▶ _WHAT IS REQUIRED_
Restate exactly the lines below, from the one containing "2013 Vorsteiner Bentley" through the final line, and leave out the pictures.

▶ _INFORMATION PROVIDED_
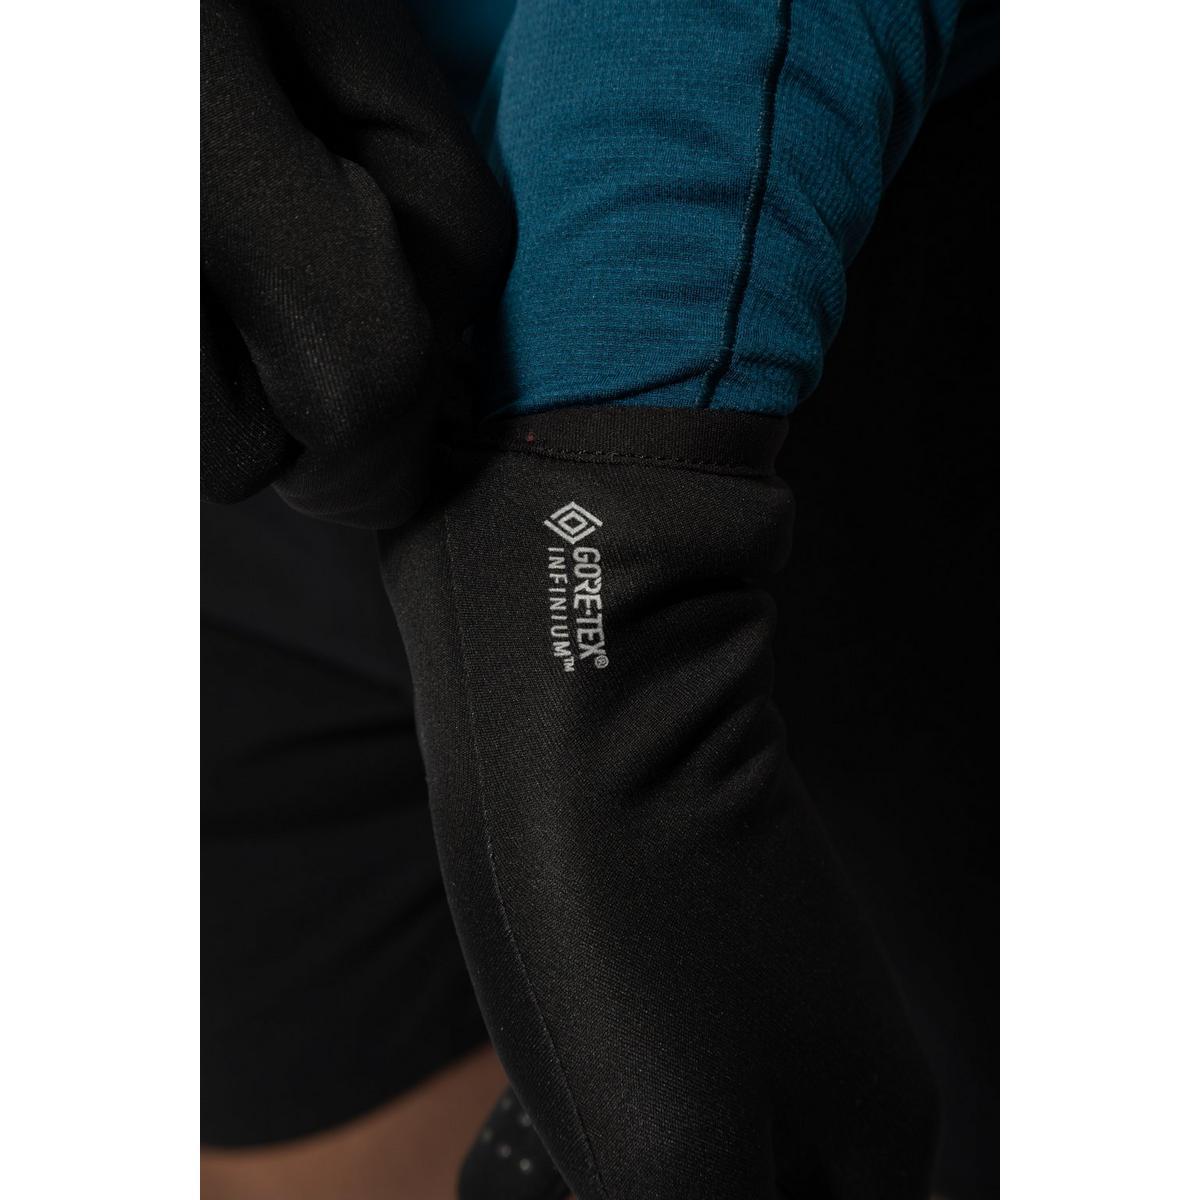 Montane Gloves Men's Via Groove Black/Shadow
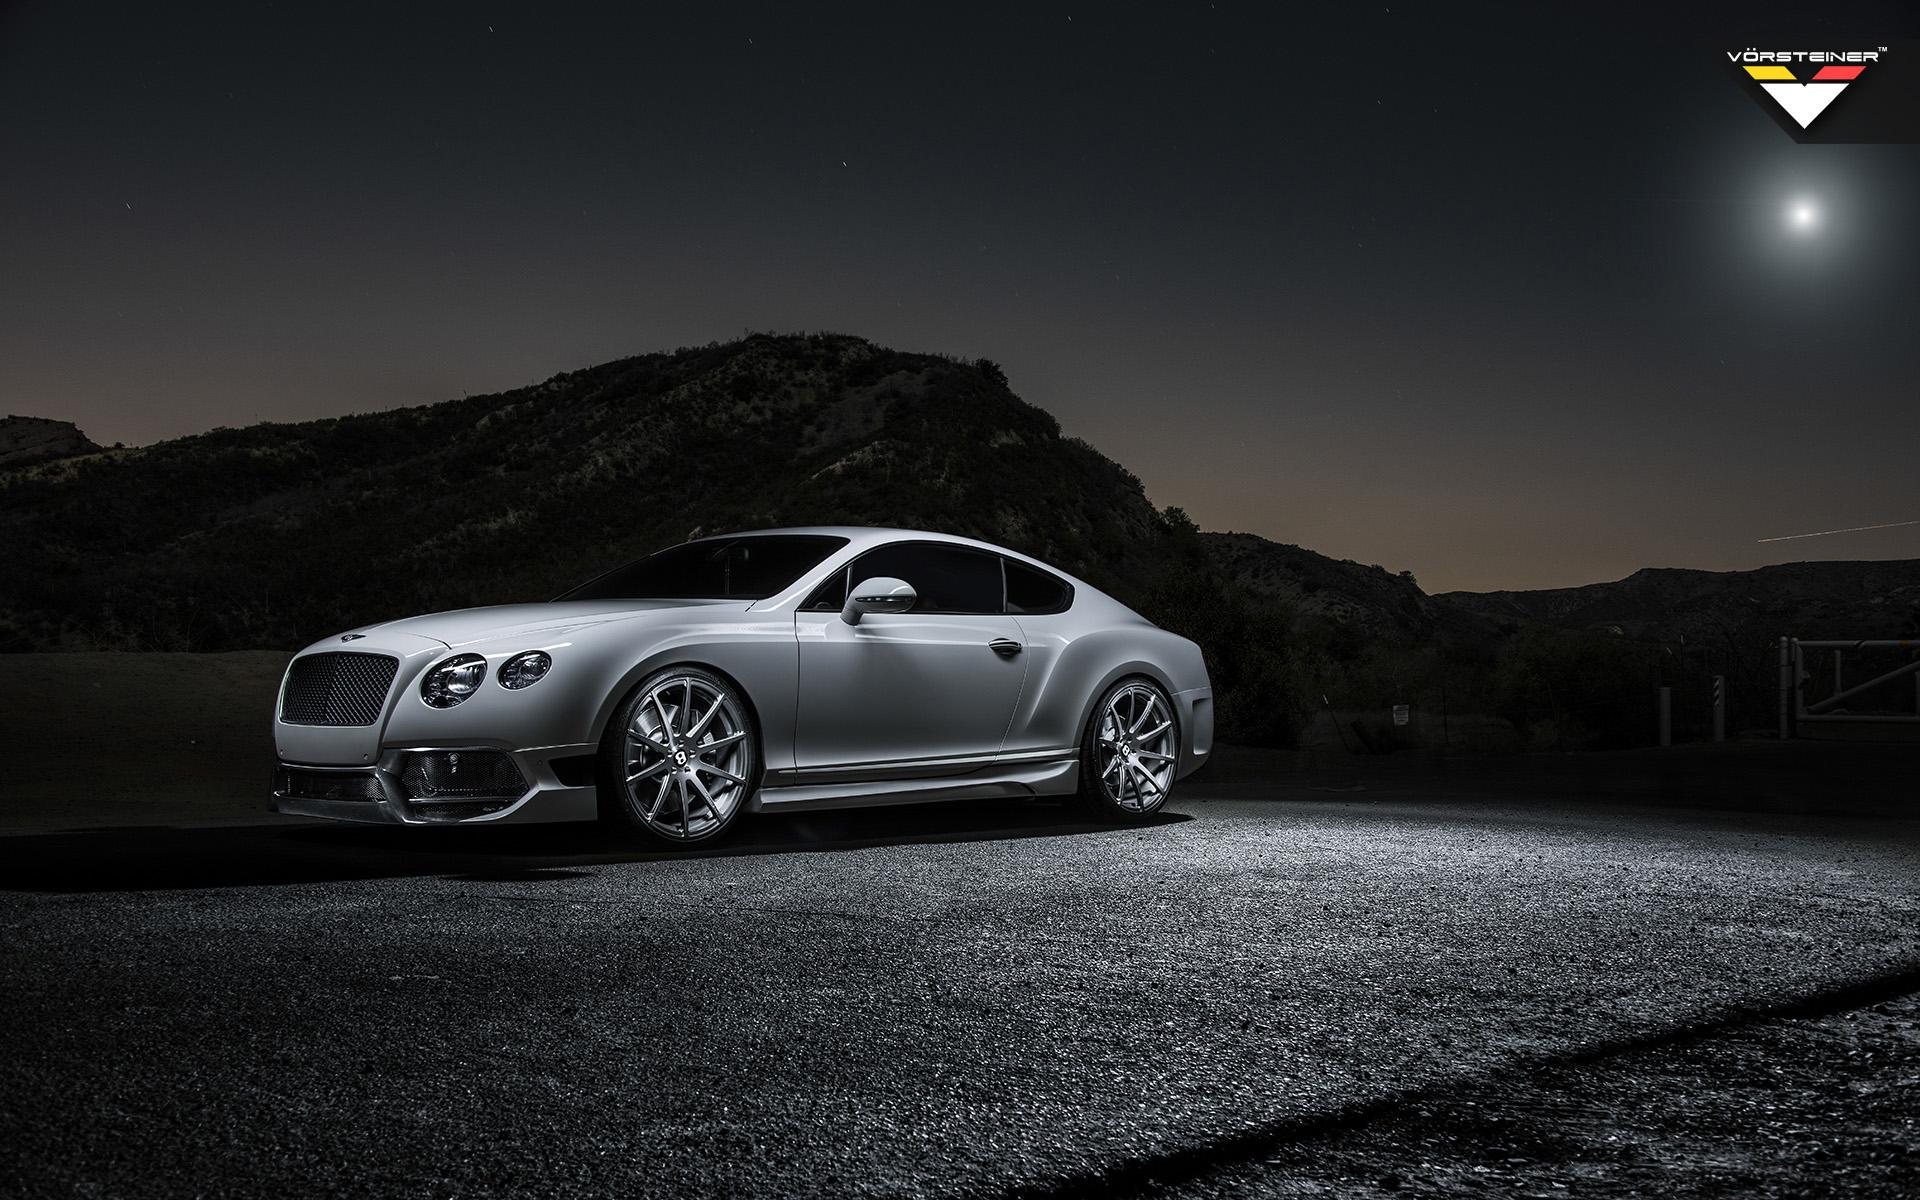 2013 Vorsteiner Bentley Continental GT BR10 RS Wallpaper   HD Car ...
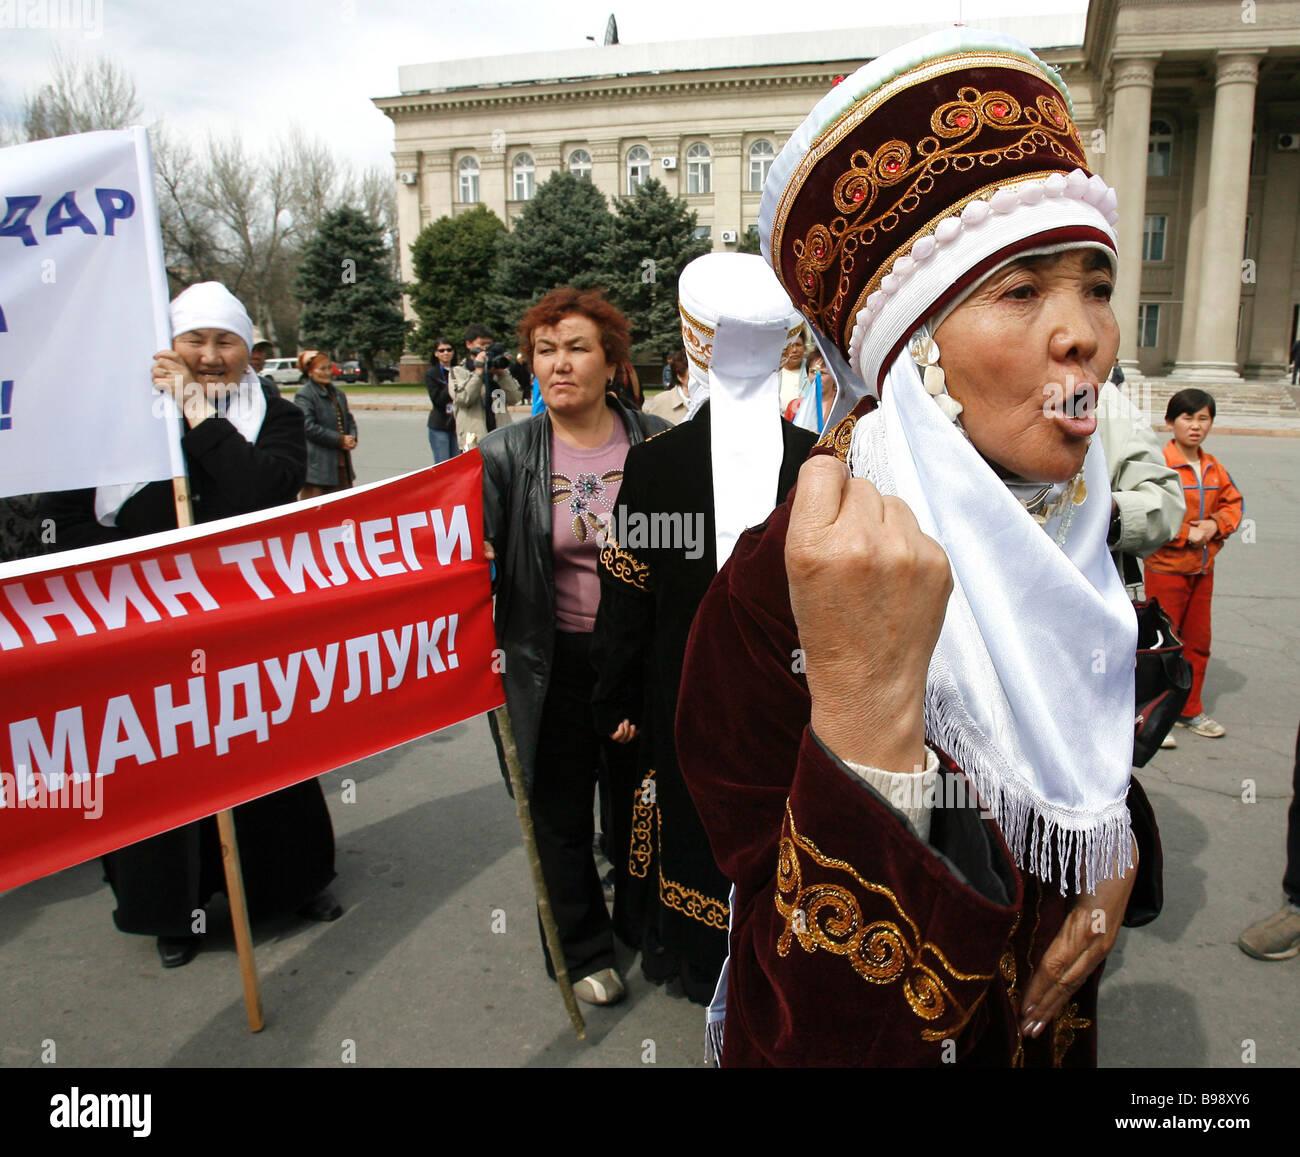 Continued Bishkek hunger strike by radical opposition demanding resignation of Kyrgyz President Kurmanbek Bakiyev - Stock Image

▶ _WRITTEN RESPONSE_
 2013 Vorsteiner Bentley Continental GT BR10 RS Wallpaper   HD Car ...
 Continued Bishkek hunger strike by radical opposition demanding resignation of Kyrgyz President Kurmanbek Bakiyev - Stock Image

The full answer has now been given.